Seeds are the germ of life. They are loaded with goodness. Include them in your daily diet.

Nuts and oilseeds are often considered high in calories. Since many people are not aware of the nutritional information of nuts and seeds, these are consumed less as compared with other super healthy foods like oats, greens, fruits and vegetables.

Nutrient Packed Seeds

Seeds like flax seeds (known as alsi seeds in India), fenugreek seeds, sesame seeds / gingelly seeds (til), garden cress seeds (halim seeds), and aniseeds (saunf) are rich in iron, calcium, fiber, and protein. These are the nutrients which is commonly deficient in Indian diet. Another advantage of eating nuts and seeds is that you just need to consume a small quantum to meet a good percentage of the recommended intakes. No wonder, they offer several benefits to the mankind.

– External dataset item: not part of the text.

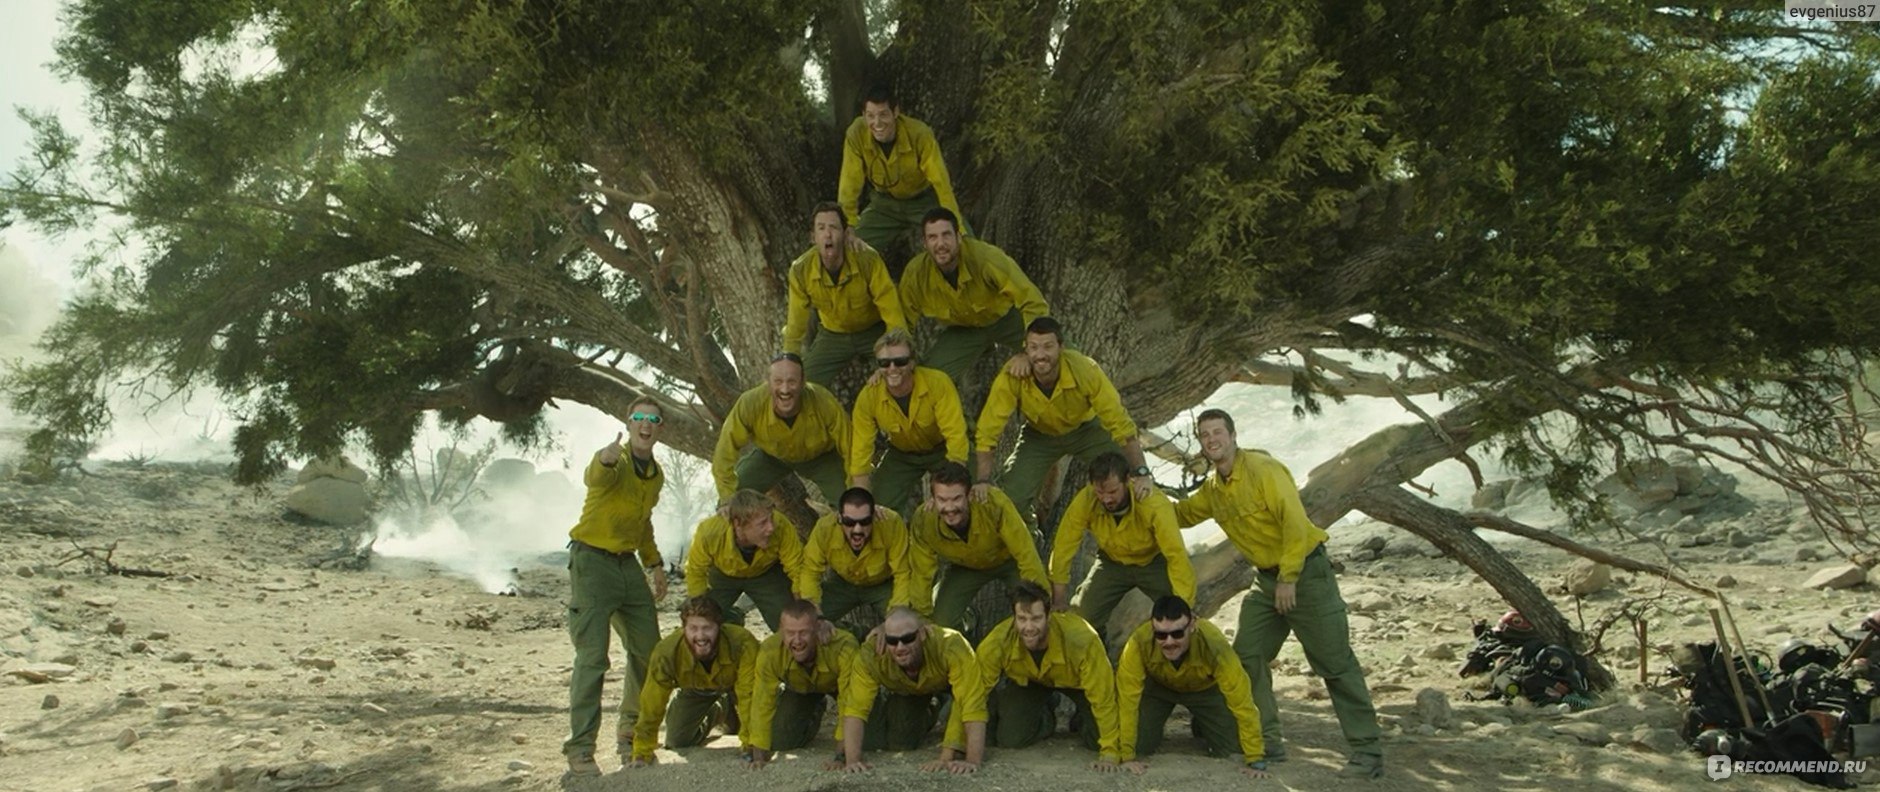 гранитная гора отряд пожарных реальная история

These underrated seeds are a valuable food source. Therefore healthy and edible seeds can give maximum health benefits. Sesame seeds (til), flax seeds, fenugreek seeds, and aniseeds are commonly consumed in India. In western countries there is a greater consumption of sunflower seeds, melon seeds, pumpkin seeds, and quinoa. Amaranth seeds, garden cress seeds are some lesser known and less consumed seeds which are laden with minerals and vitamins

Health benefits of seeds vary from one type of seed to another. Seeds have high amount of heart friendly fatty acids MUFA and less of PUFA. The endosperm in the seed is the source of nourishment to the emerging and growing new plant. So their high nutrient content doesn’t come as a surprise. With their gold mines of vitamins and minerals, seeds are excellent nutrition providers. They are among the better plant sources providing minerals like iron, calcium, potassium, magnesium, zinc.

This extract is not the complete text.